I want to use Python for doing full text searches of XML data.
<elements> <elem id="1">some element</elem> <elem id="2">some other element</elem> <elem id="3">some element <nested id="1"> other nested element </nested> </elem> </elements>
The most basic functionality I want is that a search for "other" in an XPath ("/elements/elem") returns at least the value of the ID attribute for the matching element (elem 2) and nested element (elem 3, nested 1) or the matching XPaths.
The solution should be flexible and scalable. I am looking for possible combinations of these features:
- search nested elements (infinite depth)
- search attributes
- search for sentences and paragraphs
- search using wildcards
- search using fuzzy matching
- return precise matching info
- good search speed for large XML files
I don't expect a solution with all of the ideal functionality, I'll have to combine different existing functionalities and code the rest myself. But first I would like to know more about what there is out there, which libraries and approaches you would usually use for this, what their pros and cons are.
EDIT: Thanks for the answers so far, I added detail and started a bounty.

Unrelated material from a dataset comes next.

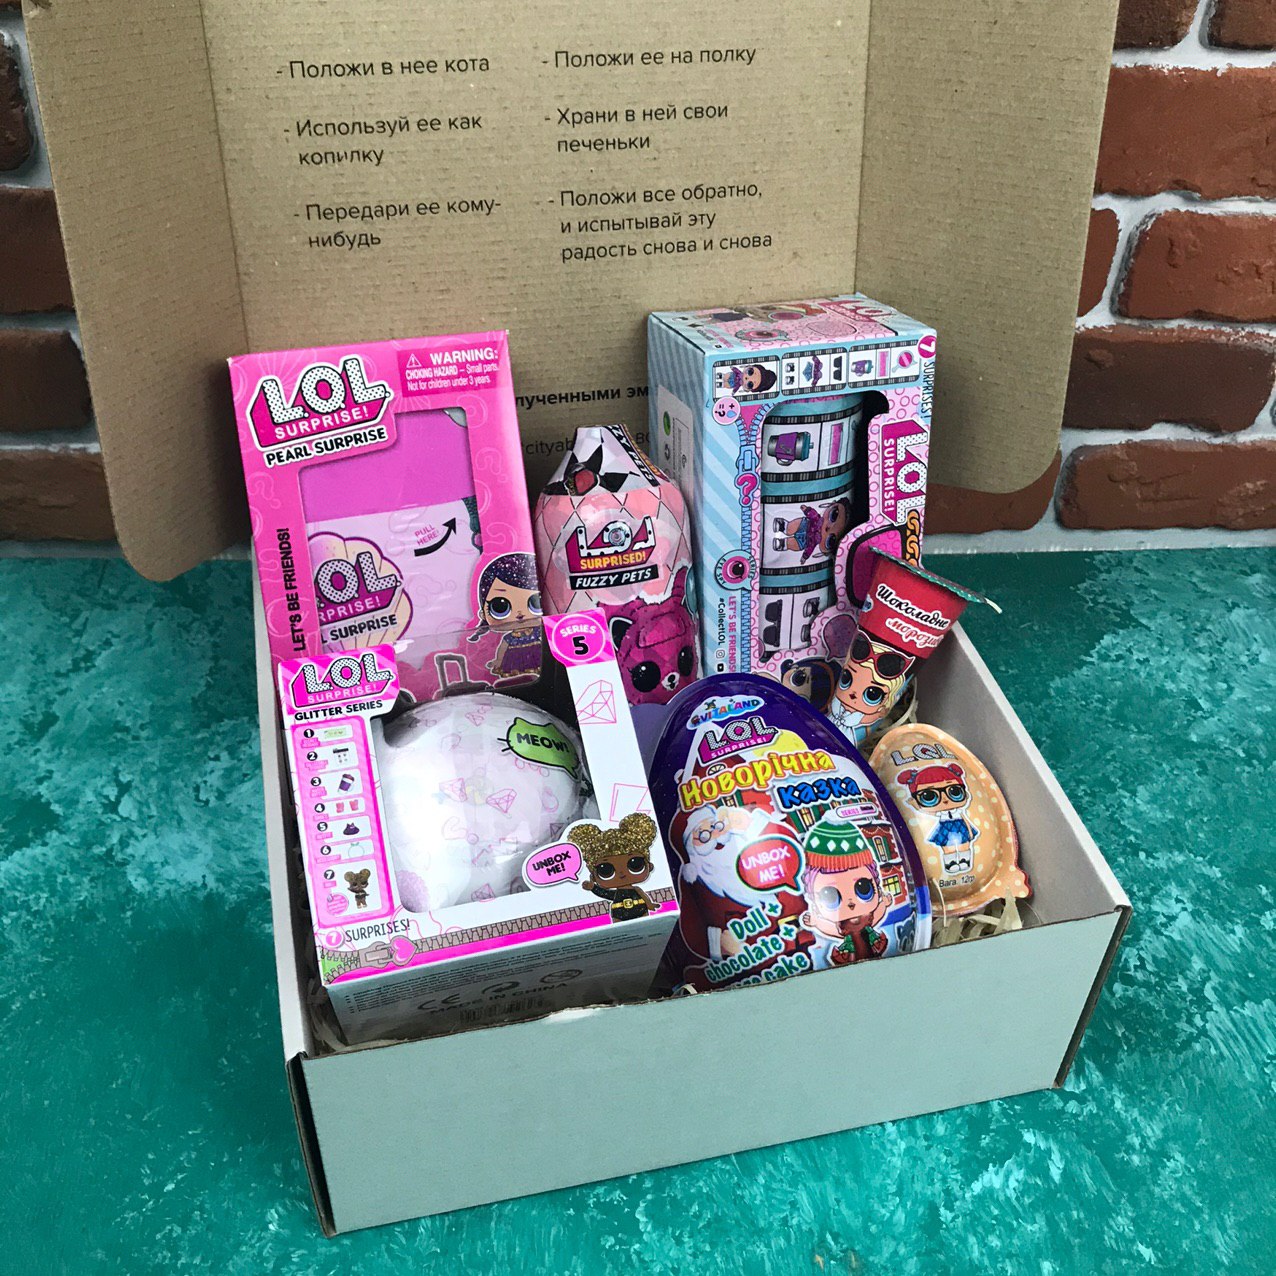 

Подарочный набор детский для девочки "LOL Box" CITY №2550 набор подарочный для женщин из 7 ед. в подарочном боксе

Compared to the feature list that was added later:
- search nested elements (infinite depth): yes
- search attributes: yes
- search for sentences and paragraphs: no. Assuming that "paragraphs" are actual xml elements, then yes. But "sentences" as such, no.
- search using wildcards: yes (regular expressions)

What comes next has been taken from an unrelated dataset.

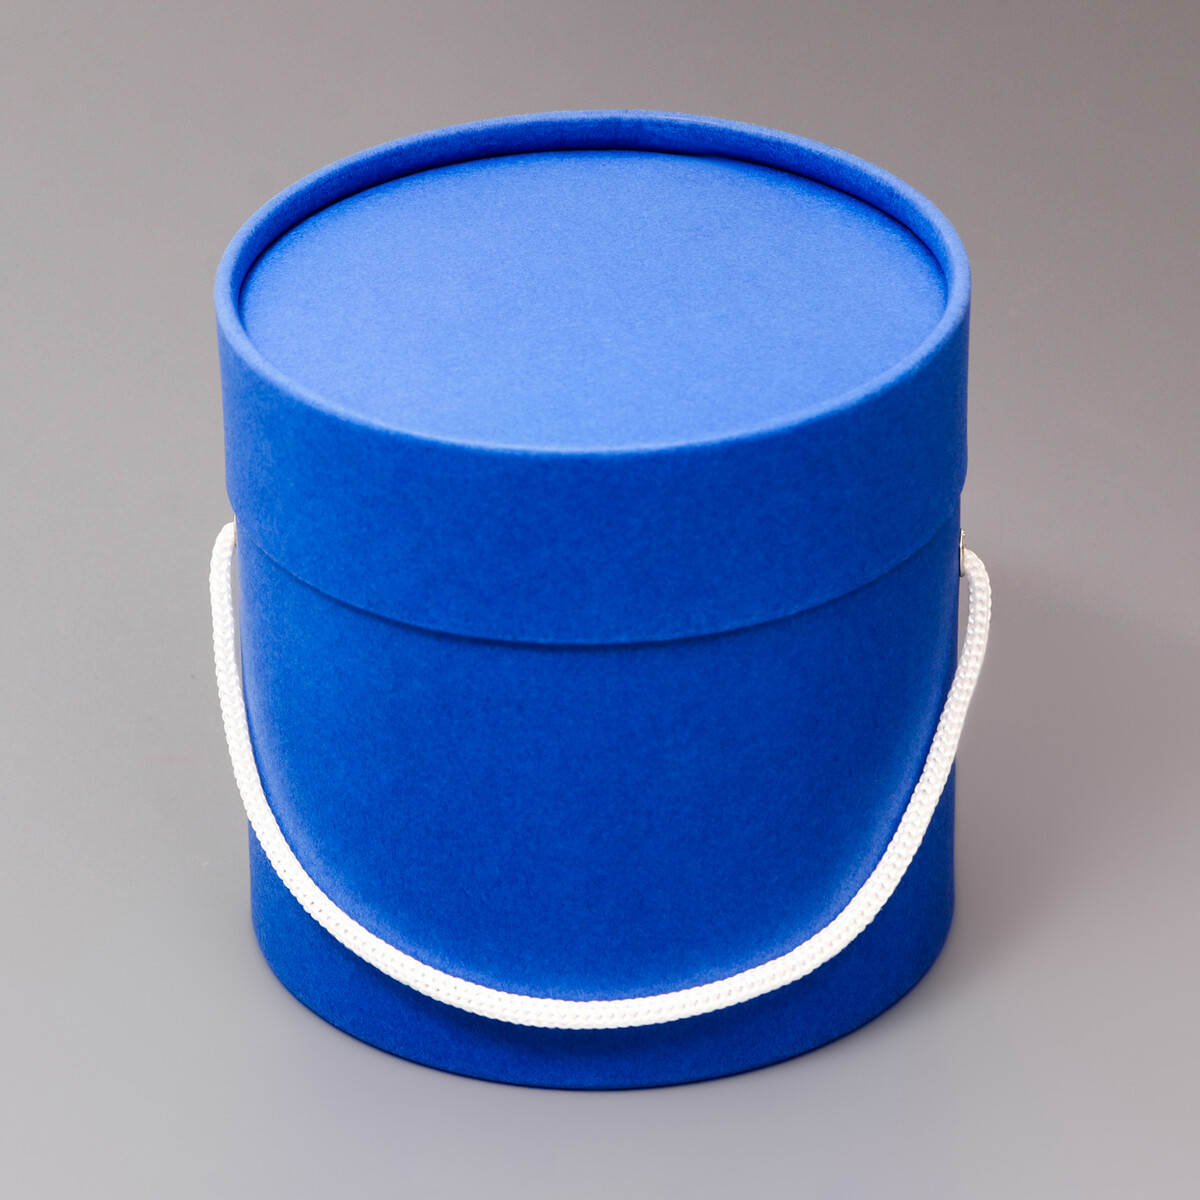 Подарочная коробка, круглая, синяя,с шнурком, 12 х 12 см кубики методики зайцева собранные синяя коробка картон

- search using fuzzy matching: no (assuming stemming, synonyms and so on...)
- return precise matching info: yes
- good search speed for large XML files: yes, except when your files are so extremely large that you would actually need a fulltext index to get good speed anyway.
The only way to satisfy all your request that I see, would be to load your files into a native xml database that supports "real" fulltext search (via XQuery Fulltext probably) and use that. (can't help you much further with that, maybe Sedna, which seems to have a python API and seems to supports fulltext search?)